The term quantum mechanics (QM) generally refers to a mathematical formulation of quantum theory. It often describes and predicts the movement and behavior of particles at the atomic and subatomic levels. These include particles such as atoms, electrons, protons, and photons. According to QM, the behavior and movement of particles at these microscopic levels are counter-intuitive, radically differing from anything observed in everyday life. This requires a theory like quantum mechanics in order to better explain this different world.
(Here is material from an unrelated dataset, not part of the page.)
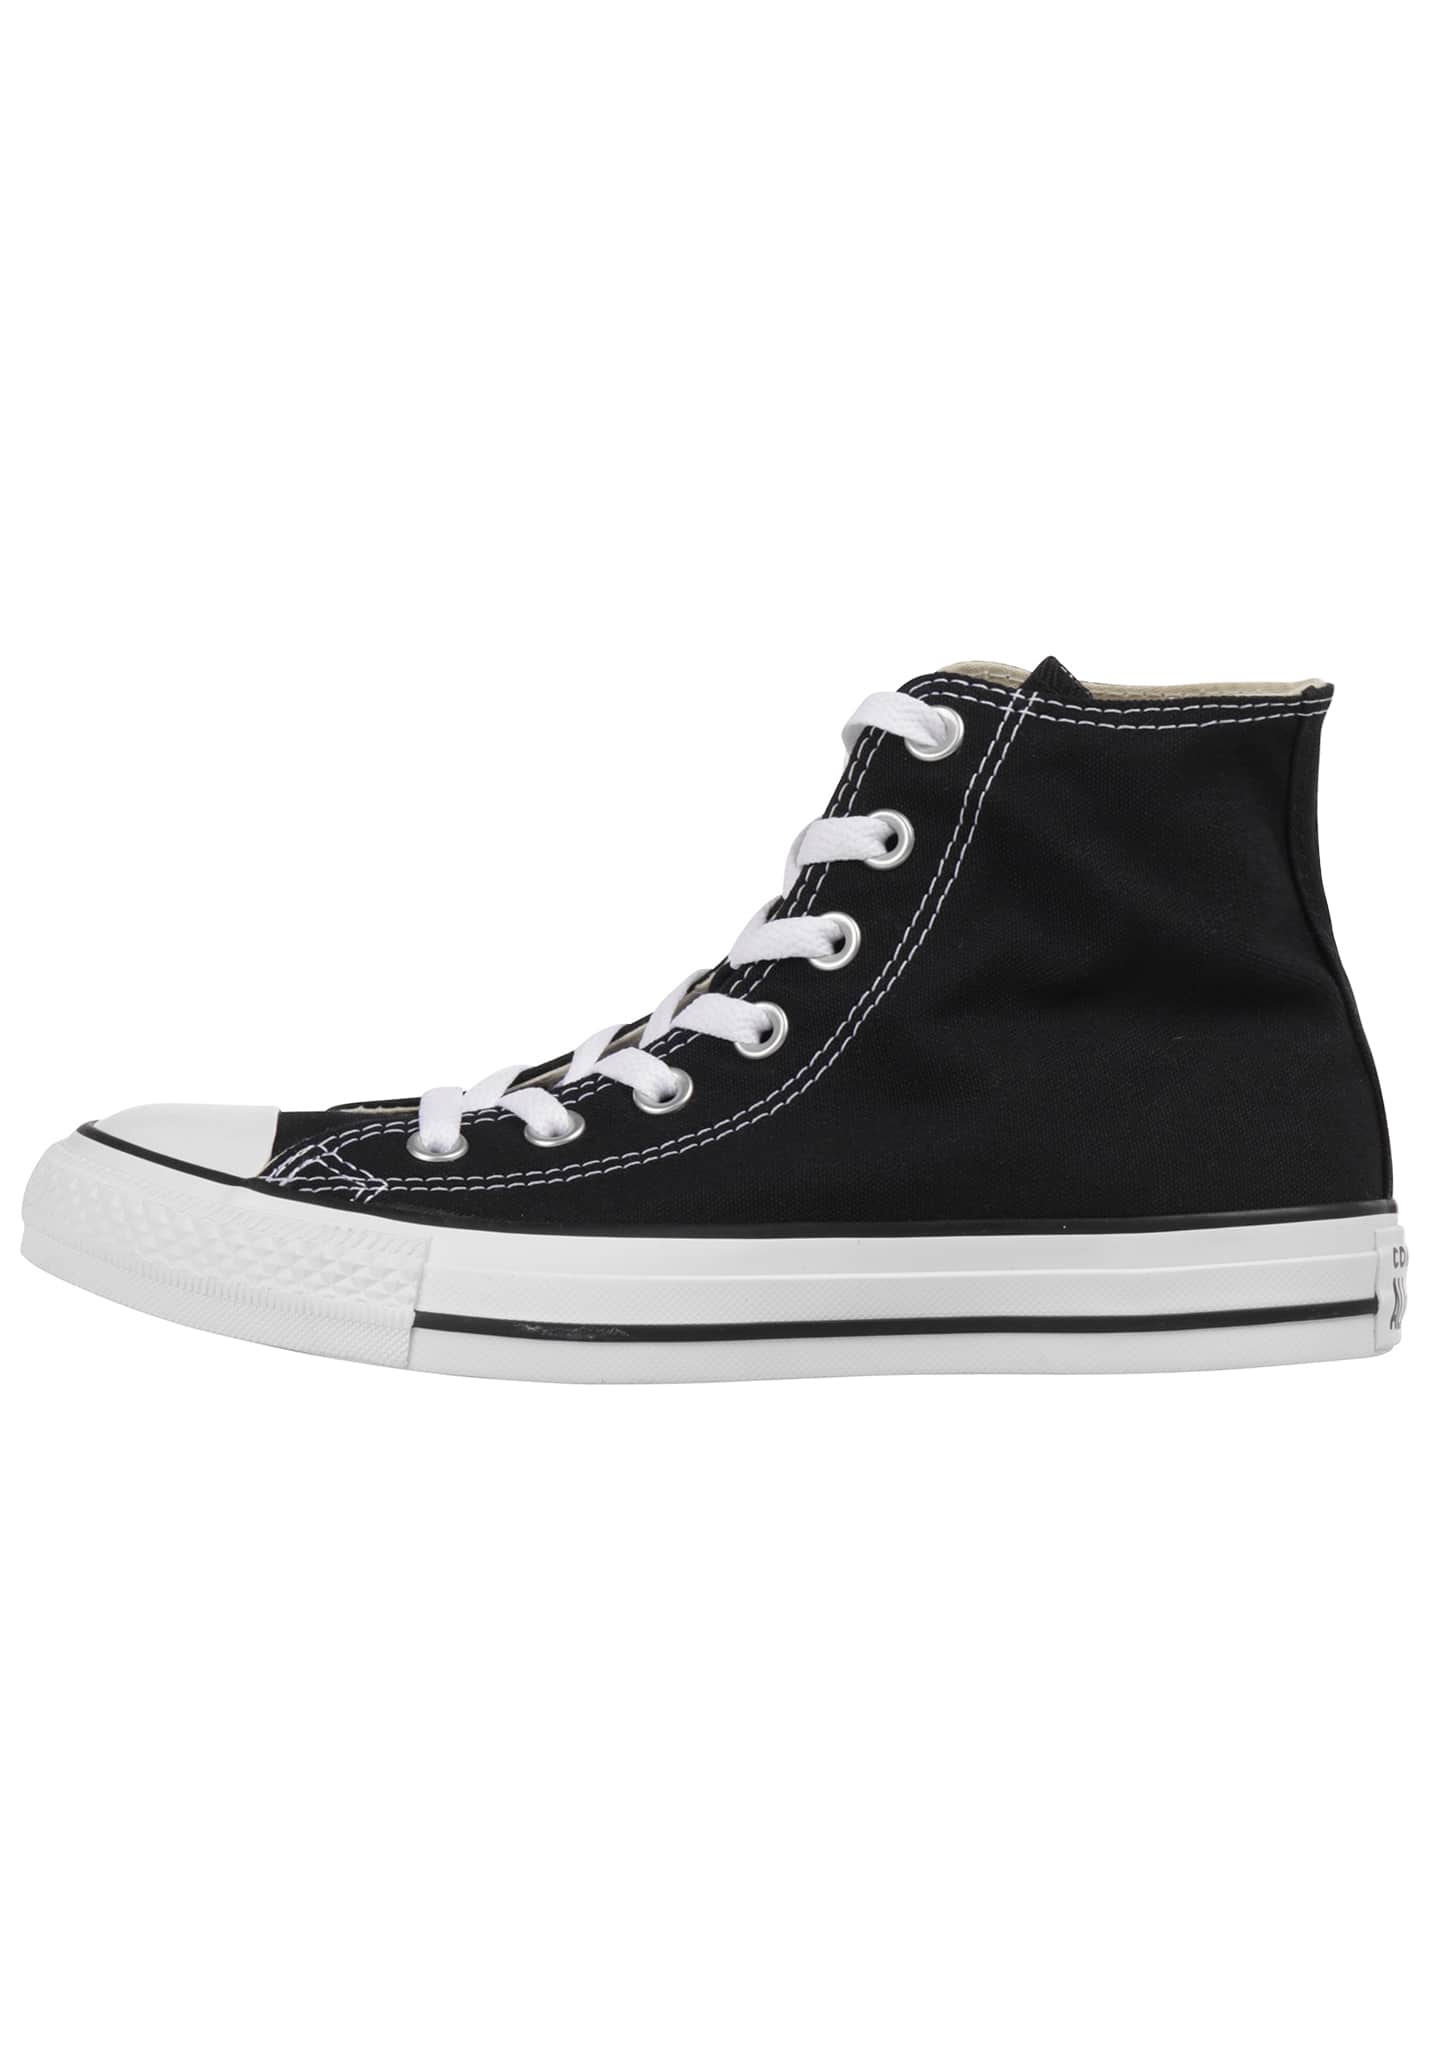 Converse Chuck Taylor All Star Hi Sneaker black + white 45

In the macroscopic world, there usually are two types of phenomenon that are classified by scientists: particles and waves. Particles can be thought of as being localized, transporting mass and energy in their movements. Waves are a type of phenomenon that never is localized and has no mass, but nevertheless carries energy. The micro-world particles that are examined in quantum mechanics are different from those of the macro-world, because in certain situations, particles may act like waves, while conversely, waves may act like particles. According to QM, this would mean that on the quantum level an apple could behave like a wave, while a wave could behave like an apple.
Quantum mechanics uses the quantum unit to roughly assign and measure quantities of the physical properties of these particles. Particles generally are measured by considering the wave function recorded at the time of the measurement. Yet because particles may behave like waves, the simultaneous location or velocity of a particle can never completely be determined.
This apparent conundrum is known as Heisenburg’s uncertainty principle, which in other words states that position and momentum cannot be exactly measured simultaneously. This is not entirely because there are any limitations in measuring equipment or ability, but because this uncertainty is believed to be inherent to the particles themselves. Quantum mechanics therefore is a mathematical theory that tries to calculate probabilities according to the wave function.
Many scientists do not agree with the postulates of QM. Albert Einstein was a scientist who sometimes was critical of quantum theory, as it conflicted with his own theory. Thus, one of the biggest problems in contemporary physics is to create a theory that would unify the ideas of quantum mechanics with those of Einstein's general theory of relativity. Physicists such as Julian Barbour have proposed some innovative solutions to this problem, basically stating that if humans consider that time itself does not exist, there is no obstacle to unifying quantum mechanics and the theory of relativity.